Another Gun Dealer Drops “Smart Gun” after Death Threats

Sunday, May 04, 2014
Smart gun and watch (photo: Armatix)

A Maryland man has become the second gun store owner to rethink his position about selling the first “smart gun” in the United States after being hounded by gun-rights advocates.

Andy Raymond is a co-owner of Engage Armament in Rockville, Maryland, and he had tentatively decided to begin selling the Armatix iP1 handgun after the Oak Tree Gun Club in Newhall, California, had earlier had second thoughts about selling the gun.

 

The iP1 works in tandem with a special watch, and can’t be fired unless a five-digit code is entered into the watch, and the gun must be within 10 inches of the watch to operate. The primary market for such firearms is people who want to prevent children or thieves from using their gun.

 

But just as it happened in California, Raymond began to get protests and death threats from gun enthusiasts. “To me that is so fricking hypocritical,” Raymond had told The Washington Post before his decision to not sell the iP1. “That’s the antithesis of everything that we pro-gun, pro-Second Amendment people should be. You are not supposed to say a gun should be prohibited. Then you are being no different than the anti-gun people who say an AR-15 should be prohibited.”

 

Gun-rights advocates fear sales of smart guns because they’re afraid they will be mandated. New Jersey currently has a law stating that if smart guns go on sale anywhere in the country, within three years all guns sold in the Garden State must be smart guns.

 

Opponents of smart guns haven’t limited their bullying tactics to gun store owners. Belinda Padilla, who represents Armatix, has also been threatened, according to The New York Times.  “Right now, unfortunately, these organizations that are scaring everybody have the power,” Padilla said. “All we’re doing is providing extra levels of safety to your individual right to bear arms. And if you don’t want our gun, don’t buy it. It’s not for everyone.”

 

It’s certainly not for the person making this comment about Padilla on a pro-gun website: “I have no qualms with the idea of personally and professionally leveling the life of someone who has attempted to profit from disarming me and my fellow Americans.”

-Steve Straehley

 

To Learn More:

Maryland Dealer, Under Pressure From Gun-Rights Activists, Drops Plan To Sell Smart Gun (by Michael S. Rosenwald, Washington Post)
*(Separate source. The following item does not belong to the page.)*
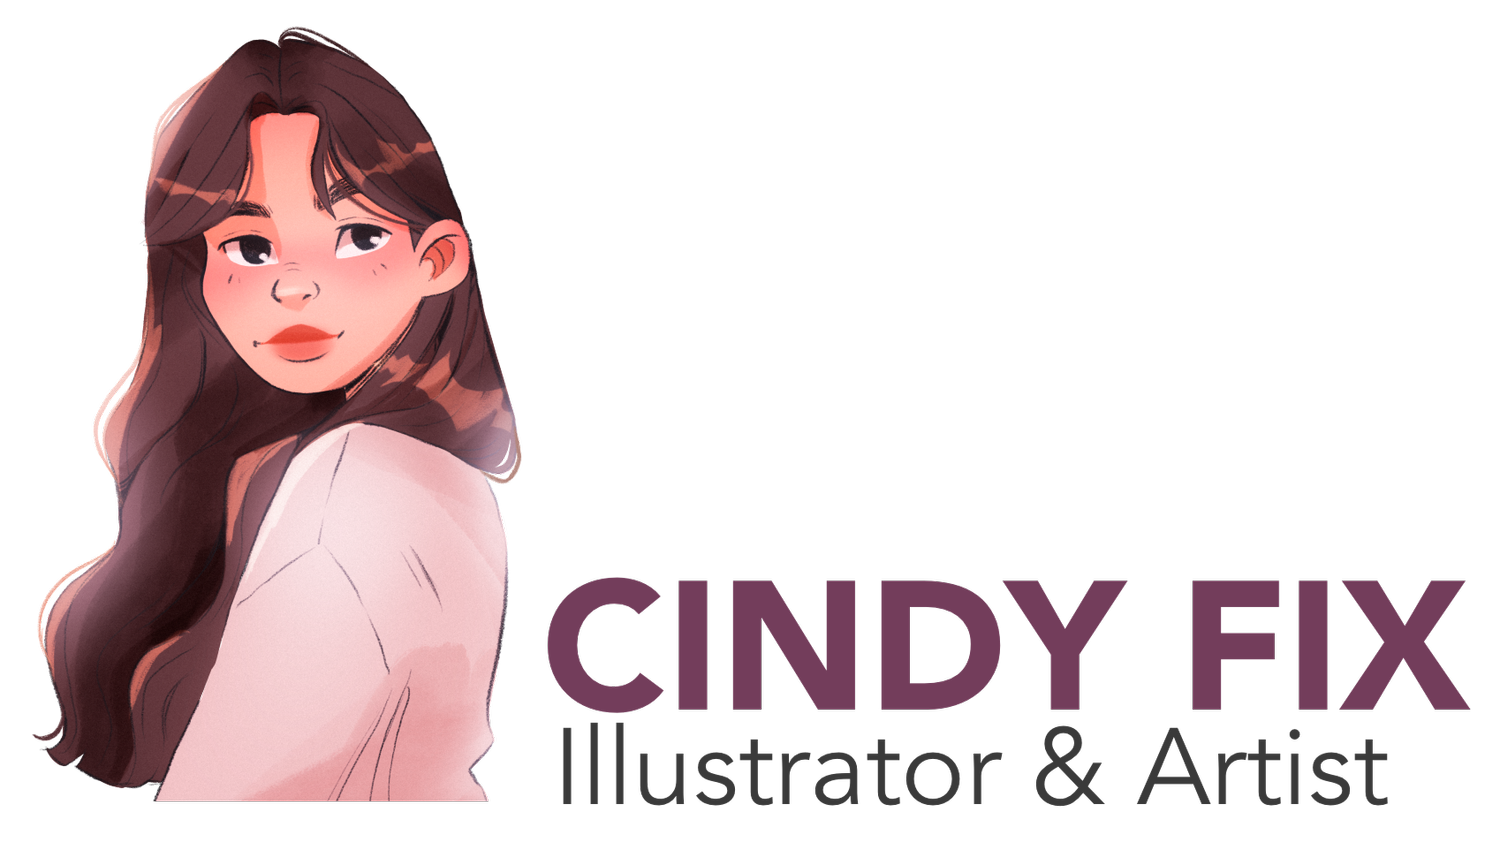 CINDY FIX - Portfolio

‘Smart’ Firearm Draws Wrath of the Gun Lobby (by Jeremy W. Peters, New York Times)

Store Selling “Smart Gun” Surrenders to Attacks on Online Forums (by Noel Brinkerhoff and Danny Biederman, AllGov)

Comments

Kelly 10 years ago
What are they afraid of, that some (most) of their fellow gun enthusiasts won't be smart enough to figure out how to use the smart gun?
rick 10 years ago
These gun enthusiasts need to look in a mirror. They are just as hypocritical as the gun control people are. It actions exactly like this that make the smart guns all the sense in the world.